Для него остается тайной, что революционное насилие имеет историческое оправдание лишь тогда, когда оно совершается при наличии необходимых предпосылок и с точки зрения всего предшествующего хода истории является необходимым, и что даже возможность «легкого» разрыва с прошлым еще не гарантирует столь же легкого формирования последующей истории, т.е. общественных отношений нового типа. Тем более это относится к насилию, которое оказывается исторически неоправданным. В конце концов история показывает социал-авантюристу свое «роковое апостериори». На «конструктивном» этапе, неизбежно наступающем вслед за «перерывом» исторической постепенности, история берет у социал – авантюриста реванш за несвоевременно учиненное над нею насилие. То, что принималось им за «пластичность» реальности, т. е. за возможность ее произвольного видоизменения и формирования, оказывается на поверку не чем иным, как возможностью осуществления акта выбора в пределах данного круга возможностей. А то, что принималось за возрастание степени «пластичности» реальности, оказывается прогрессирующим от исторического этапа к этапу расширением круга возможностей.

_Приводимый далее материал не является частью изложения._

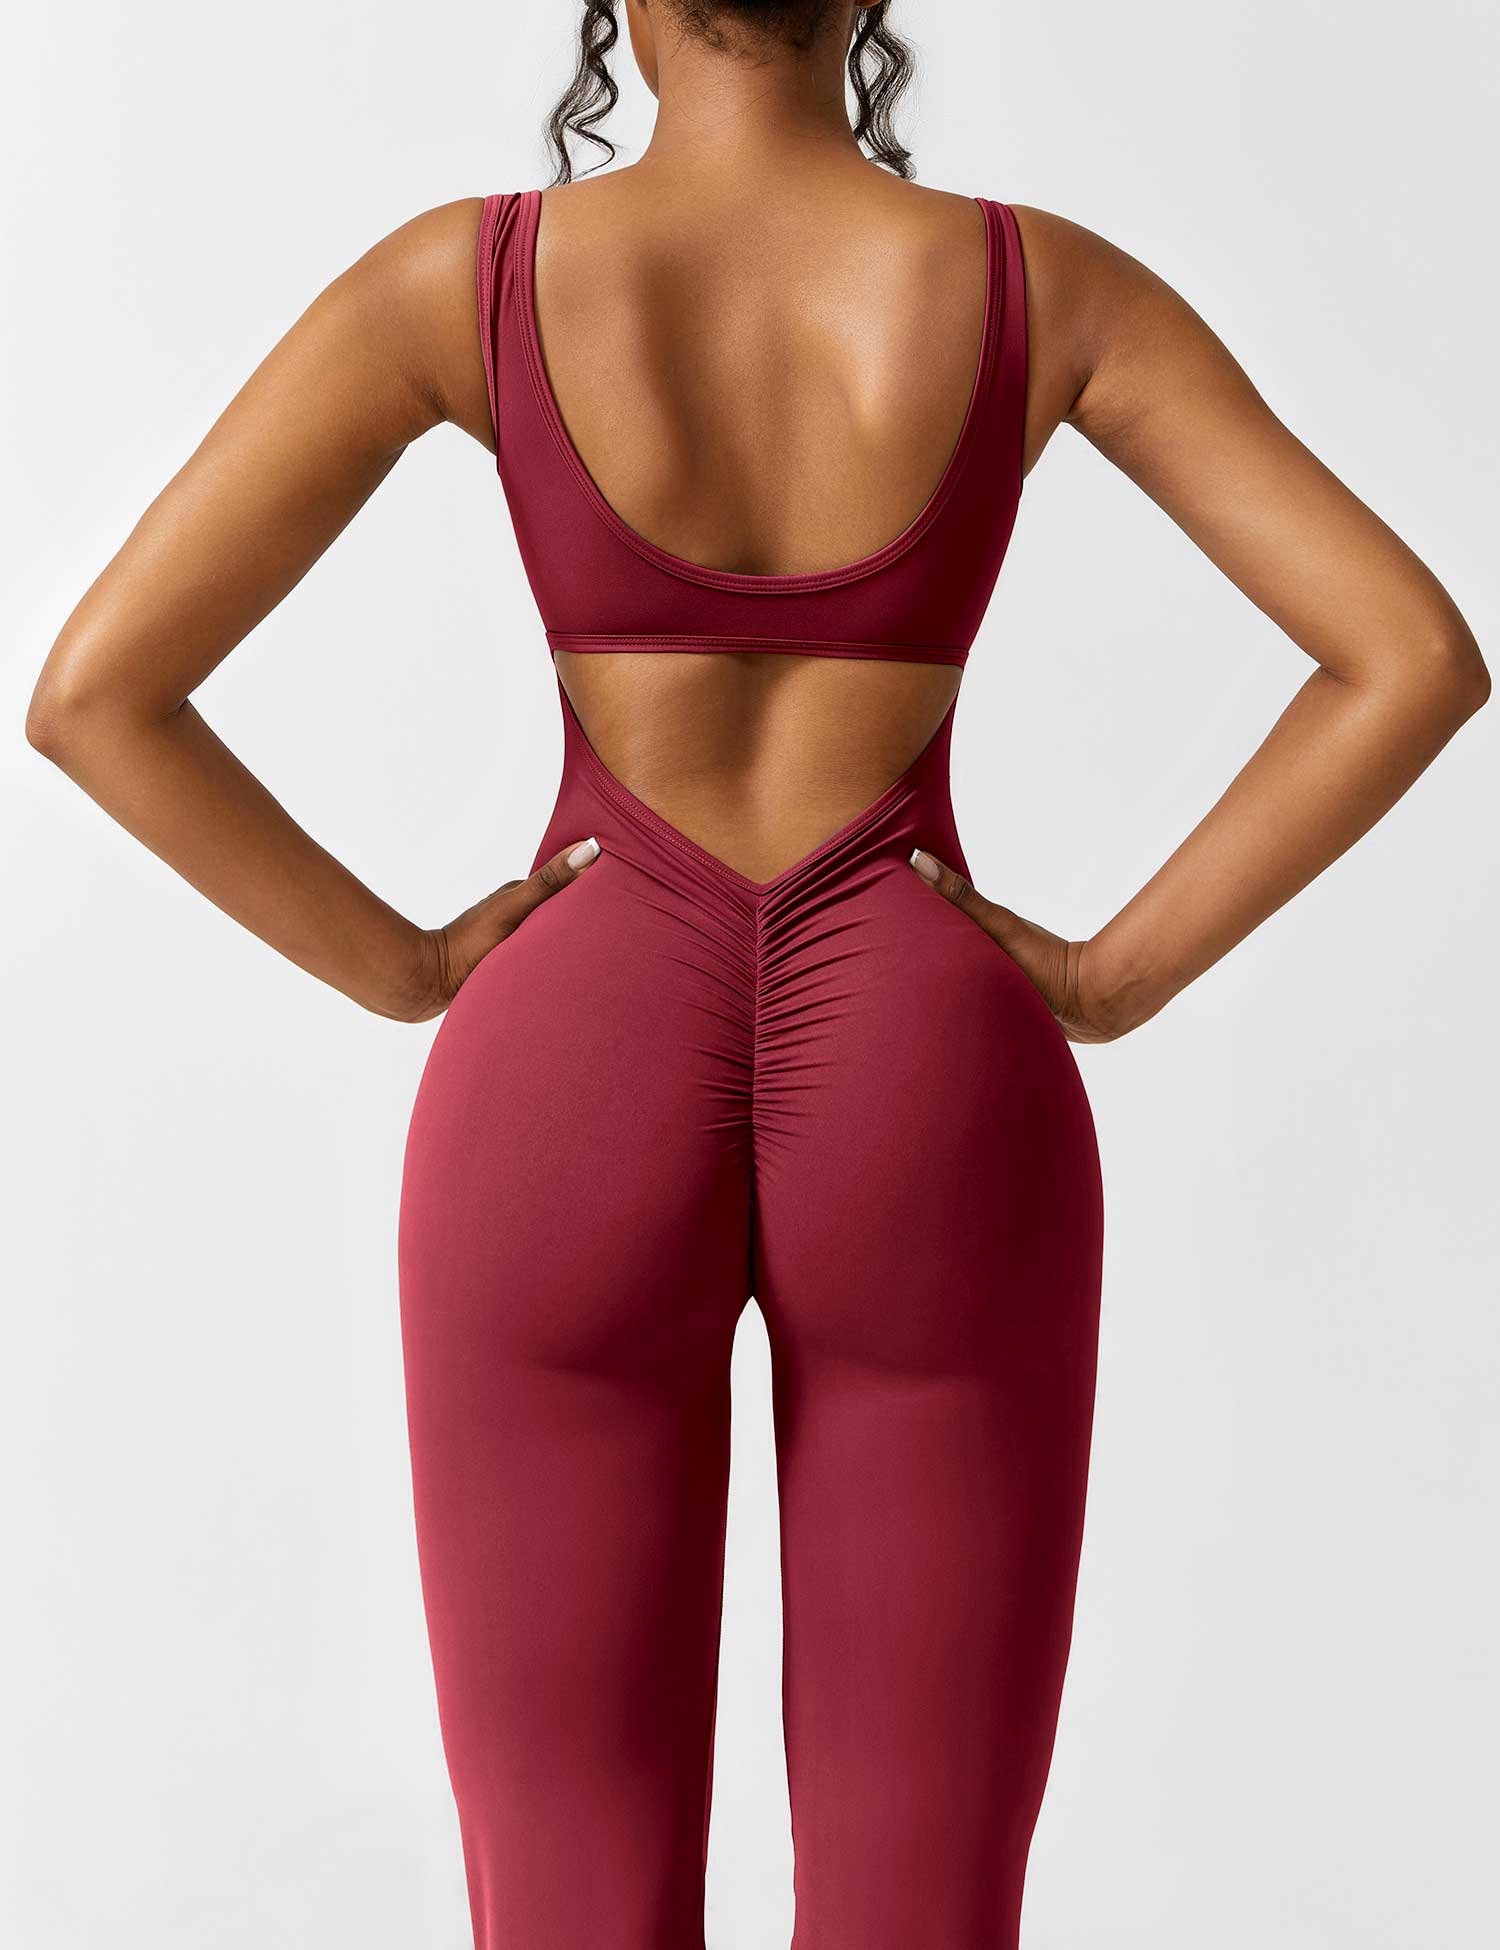 YEOREO Women Yoga Outfits Seamless 2 Piece Suits Nigeria

Ход событий, следующих за преждевременным «разрывом», может сложиться по-разному. Бунт может захлебнуться довольно быстро, а «старый порядок» восстановиться с большими или меньшими потерями для бунтарей. Леворадикальное движение может вызвать реакцию со стороны крайне правых сил, которые при благоприятных условиях (отсутствие единства антиимпериалистических сил) могут даже прийти к власти. И, наконец, третий случай, когда власть благодаря наличию определенной массовой базы движения удается на какое-то время удержать, но революционный субъект должен будет действовать вопреки собственным ожиданиям и вопреки созданному воображением проекту. Тот самый случай, о котором говорил Ф. Энгельс в связи с крестьянской войной в Германии: «Самым худшим из всего, что может предстоять вождю крайней партии, является вынужденная необходимость обладать властью в то время, когда движение еще недостаточно созрело для господства представляемого им класса и для проведения мер, обеспечивающих это господство… Он неизбежно оказывается перед неразрешимой дилеммой: то, что он может сделать, противоречит всем его прежним выступлениям, его принципам и непосредственным интересам его партии; а то, что он должен сделать, невыполнимо. Словом, он вынужден представлять не свою партию, не свой класс, а тот класс, для господства которого движение уже достаточно созрело в данный момент. Он должен в интересах самого движения отстаивать интересы чуждого ему класса и отделываться от своего класса фразами, обещаниями и уверениями в том, что интересы другого класса являются его собственными» [183].
Такая ситуация явственно обнаруживает коварство мнимой пластичности социальной реальности: позволяя совершить над собой «неоправданное» насилие, история, однако, вовсе не позволяет пресечь развитие тех сил и тенденций, которые служат механизмом ее движения, она лишь позволяет перевести это развитие в новое русло, придать ему новые формы.
Леворадикальный идеолог, рассуждающий с позиций «негативной диалектики», полагает, что от «старого порядка» во всех его ипостасях можно тем скорее отделаться, чем решительнее будут разорваны в ходе бунта все нити, связывающие его с этим порядком. Но действительный ход событий оказывается зачастую прямо противоположным.
Чем «радикальнее», несвоевременее оказывается разрыв, тем больше вероятность возвращения «старого порядка», только в иной форме. И здесь не спасает дела апеллирование к морали, к нравственному обоснованию совершенного насилия, ибо не абстрактная мораль, а социально-исторические последствия совершенного политического акта выносят ему окончательный приговор.
Отношение марксизма к насилию лишено догматического абсолютизма, столь характерного для леворадикального «антиутопизма». Марксизм отстаивает реалистический подход к революционному насилию, но это реализм, требующий большого искусства владения диалектикой.